Do kolizji na Wisłostradzie doszło w sobotni wieczór, chwilę po godzinie 19. Kierowca Dacii z nieznanych przyczyn stracił panowanie nad autem, po czym uderzył w bariery energochłonne.

Policja o kolizji na Wisłostradzie: Kierowca był pracownikiem rosyjskiej ambasady

Aspirant Kamil Sobótka ze stołecznej komendy potwierdził reporterowi RMF FM Kacprowi Wróblewskiemu, że samochód, który wypadł z drogi należał do ambasady Federacji Rosyjskiej. Podkreślił, że kierujący nie był dyplomatą, lecz pracownikiem technicznym tej placówki. 

Wszyscy kierowcy, którzy brali udział w zderzeniu na Wisłostradzie, byli trzeźwi. Nikt nie trafił do szpitala, a prowadzący auto należące do rosyjskiej ambasady, które wypadło z drogi, został ukarany mandatem. 

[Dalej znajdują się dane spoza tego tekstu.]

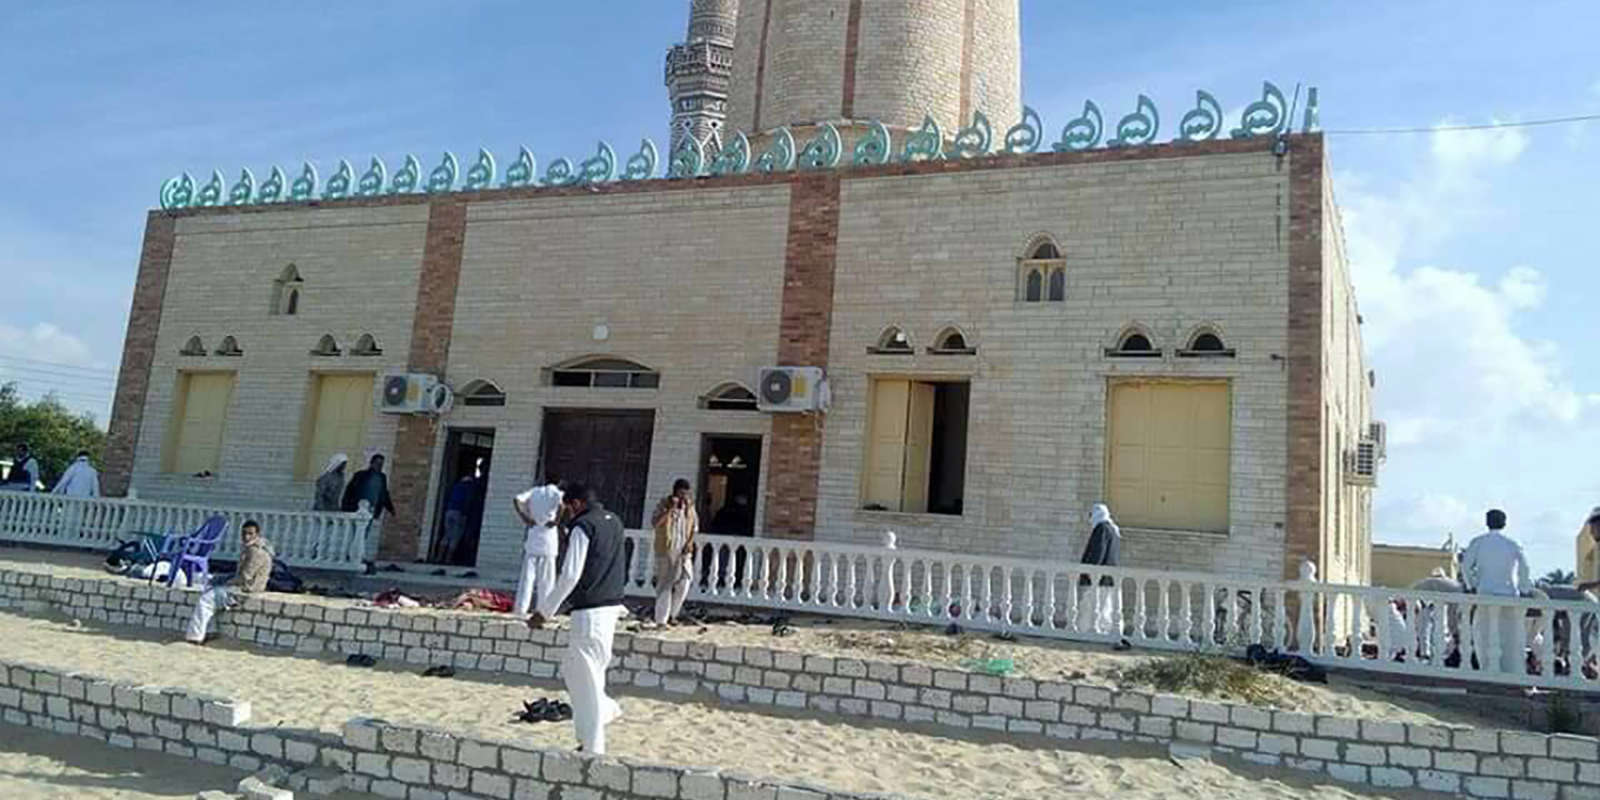 La mosquée Al-Rawdah, en Egypte, visée par une attaque, vendredi 24 novembre, qui a fait au moins 235 morts dans le Nord-Sinaï.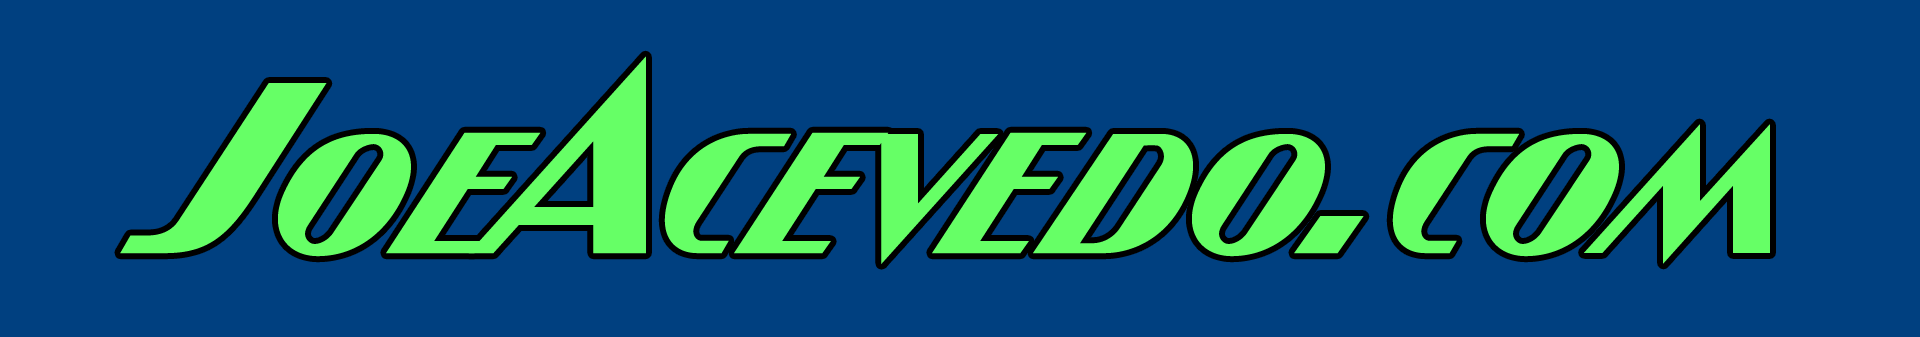 JoeAcevedo.com

Wiadomo, że elementy uszkodzeń trafiły w auta, które jechały z naprzeciwka. Groźnie wyglądająca kraksa, którą ostatecznie zakwalifikowano jednak jako kolizję, miała miejsce na zjeździe z wiaduktu nad skrzyżowaniem z ul. Krasińskiego na Wisłostradzie w Warszawie.

Na miejscu interweniowały służby - straż pożarna, policja i pogotowie ratunkowe. Zabezpieczono teren zdarzenia, zaś strażacy odłączyli zasilanie w pojazdach, a także usunęli rozlane płyny eksploatacyjne. Po usunięciu z jezdni elementów, które uległy uszkodzenia, przywrócono ruch drogowy na Wisłostradzie.